Durant la phase initiale des Grandes Migrations, Rome, faute de pouvoir les contenir, fut contrainte d’accueillir sur son territoire certains peuples barbares tels les Goths, les Burgondes, les Francs, les Alains, et dans une moindre mesure, les Huns (qui furent dans un premier temps, eux aussi, alliés aux Romains).

Ils y bénéficièrent du statut militaire de ‘fédérés’, c’est-à-dire d’alliés militaires de Rome dont ils s’engageaient à défendre les frontières contre d’autres Barbares.
En général, ces types de migrations à caractère militaire ne mettaient pas en mouvement des populations considérables, mais sans doute quelques dizaines de milliers de personnes dont environ un tiers de combattants. Ces mouvements de Barbares n’ont pas provoqué habituellement l’exode des populations romaines que les fédérés étaient censés défendre.

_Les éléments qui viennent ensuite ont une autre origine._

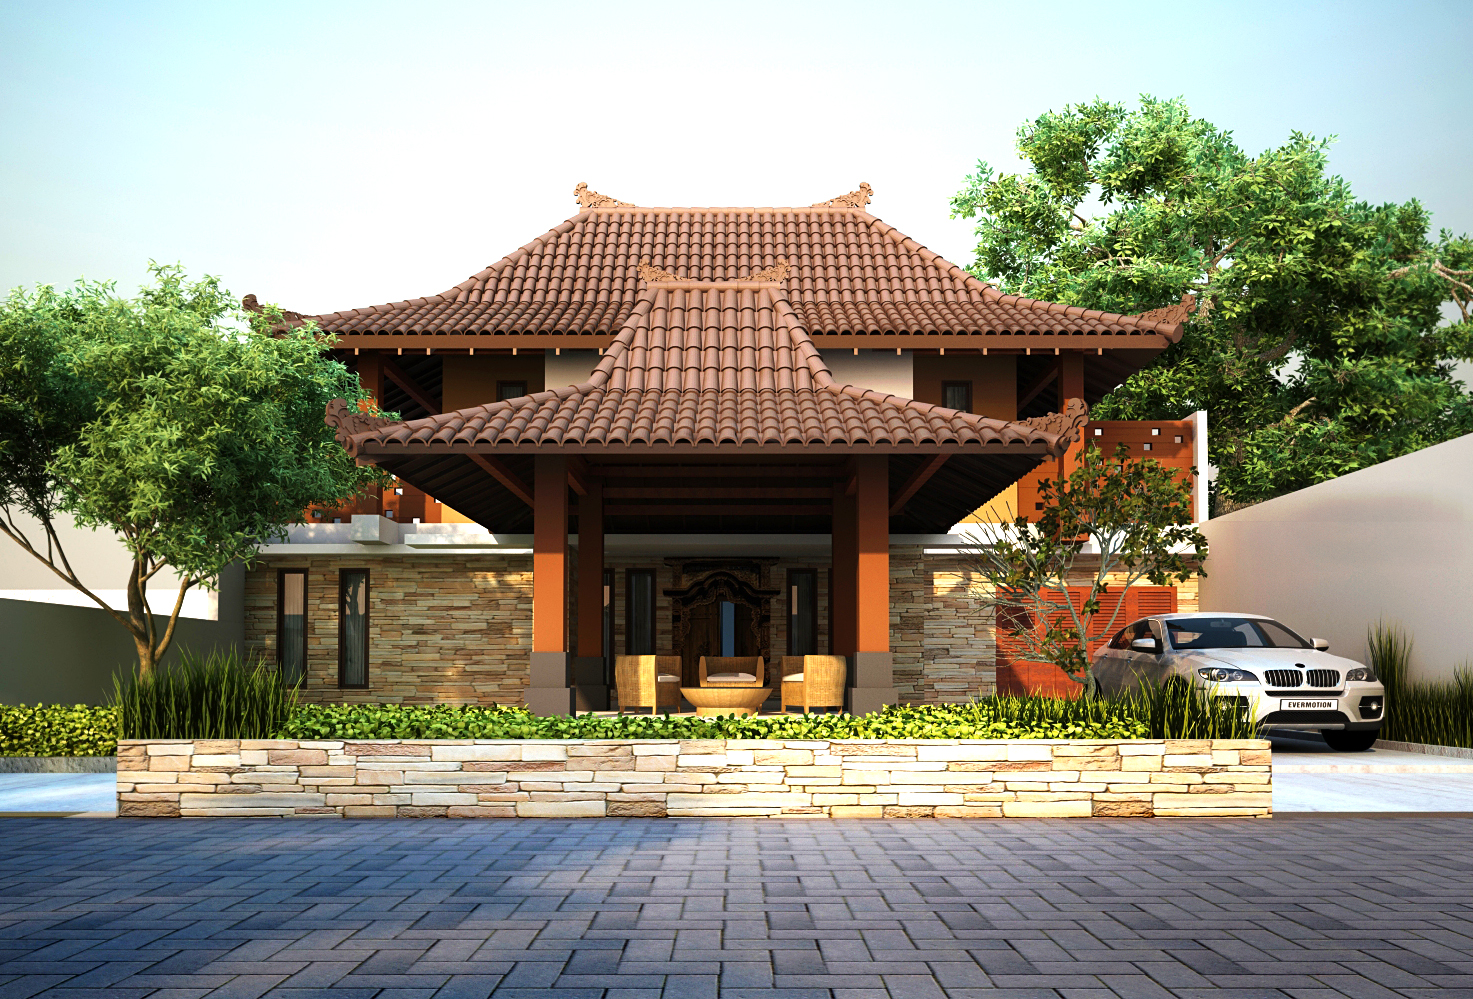 102 Desain Rumah Minimalis Modern Jawa Gambar Desain Rumah Minimalis

D’ailleurs, les traités entre les empereurs et leurs nouveaux serviteurs prévoyaient les modalités de cohabitation entre les Romains et les nouveaux venus.

On note, au Vème siècle, la formation progressive de deux centres politiques et culturels principaux :

- d’une part, en Gaule, le royaume mérovingien qui devient progressivement au Haut Moyen Age le véritable leader de l’Occident reconnu comme tel par l’Empire romain d’Orient (qui subsiste jusqu’en 1453).

- d’autre part, les royaumes barbares du Danube dont le plus célèbre fut "l’empire d’Attila".

L’histoire de toute l’Europe s’articule alors autour de ces deux pôles.